Les pancréatites chez le chien : actualités diagnostiques et thérapeutiques - Le Point Vétérinaire n° 295 du 01/05/2009
Le Point Vétérinaire n° 295 du 01/05/2009

Médecine interne canine

Infos

FOCUS

Auteur(s) : Fabienne Wyssmann

Fonctions : D’après la conférence tenue par Patrick Lecoindre (dipl. ECVIM (CA)), à l’ENV d’Alfort le 2 avril 2009.

Les pancréatites sont sous-diagnostiquées en raison de leur expression clinique fruste et d’une insuffisance, notamment une mauvaise sensibilité, des moyens diagnostiques.

Le pancréas est le siège de la synthèse de nombreuses enzymes nécessaires à la digestion. Celles-ci sont stockées chacune sous une forme inactive (pro-enzyme) dans les cellules pancréatiques acineuses. Les pro-enzymes sont activées dans la lumière du tube digestif par d’autres enzymes pancréatiques, appelées protéases.

Pathogénie et épidémiologie

Lorsque le pancréas souffre d’une perfusion insuffisante, des vacuoles se forment au sein des cellules acineuses. Les pro-enzymes et les protéases entrent en contact au sein de ces vacuoles et une activation des pro-enzymes s’opère in situ.

Certaines races semblent prédisposées : cocker, caniche, schnauzer nain (en raison de l’hyperlipémie familiale), labrador, cavalier king charles, colley, boxer. Il n’existe pas de prédisposition de sexe. En revanche, les individus stérilisés sont plus représentés.

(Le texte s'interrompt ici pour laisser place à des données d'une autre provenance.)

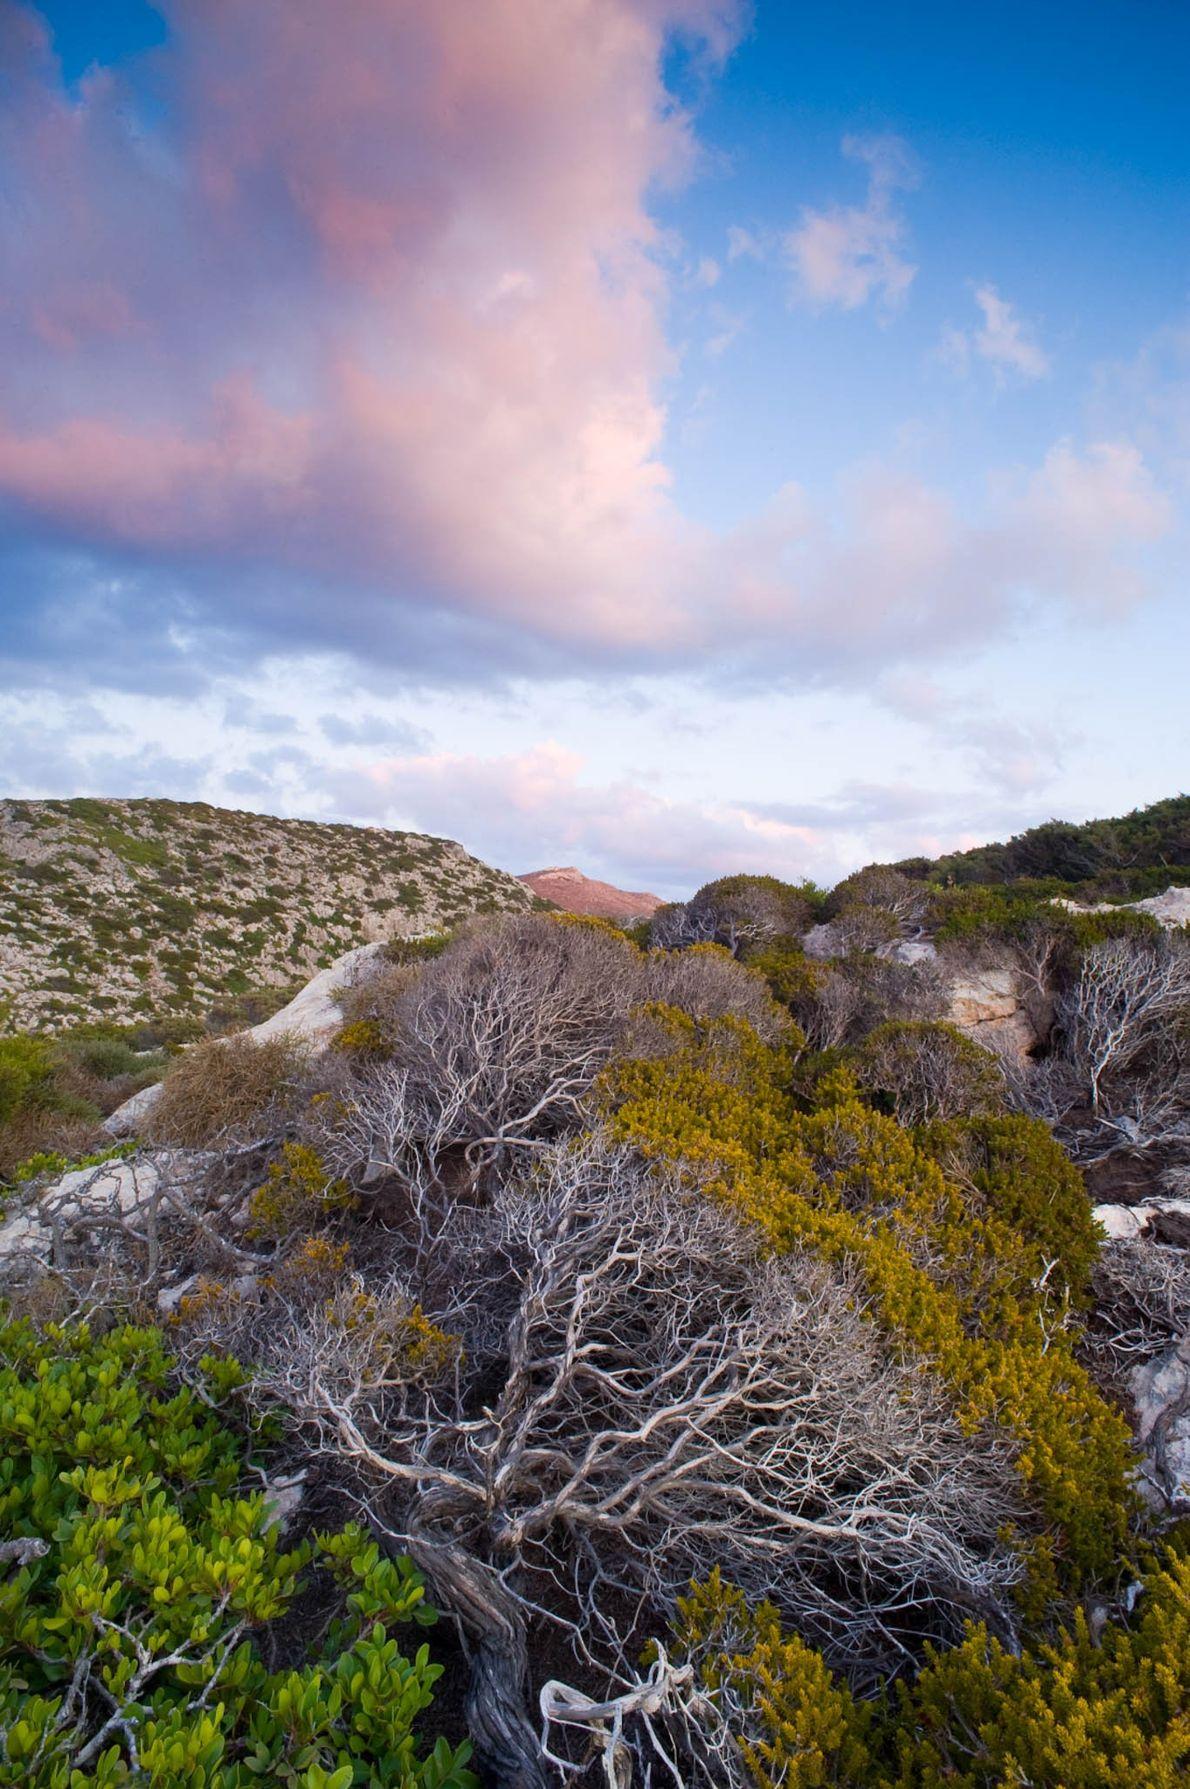 Antikythera, Greece

Des facteurs favorisants sont connus :

– des médicaments tels que le bromure de potassium, la L-asparaginase, l’azathioprine, les tétracyclines, les sulfamides, les organophosphorés et la clomipramine ;

– des affections telles qu’une hypercalcémie néoplasique, une endocrinopathie hyperlipémiante (diabète, hypothyroïdie), des troubles ou des traitement hypovolémiants (maladie d’addisson, anesthésie générale, etc.), une obésité et l’hyperlipémie familiale du schnauzer nain ;

– une alimentation trop riche.

Classification clinique

Trois formes de pancréatite sont identifiées chez le chien : suraiguë, aiguë et chronique.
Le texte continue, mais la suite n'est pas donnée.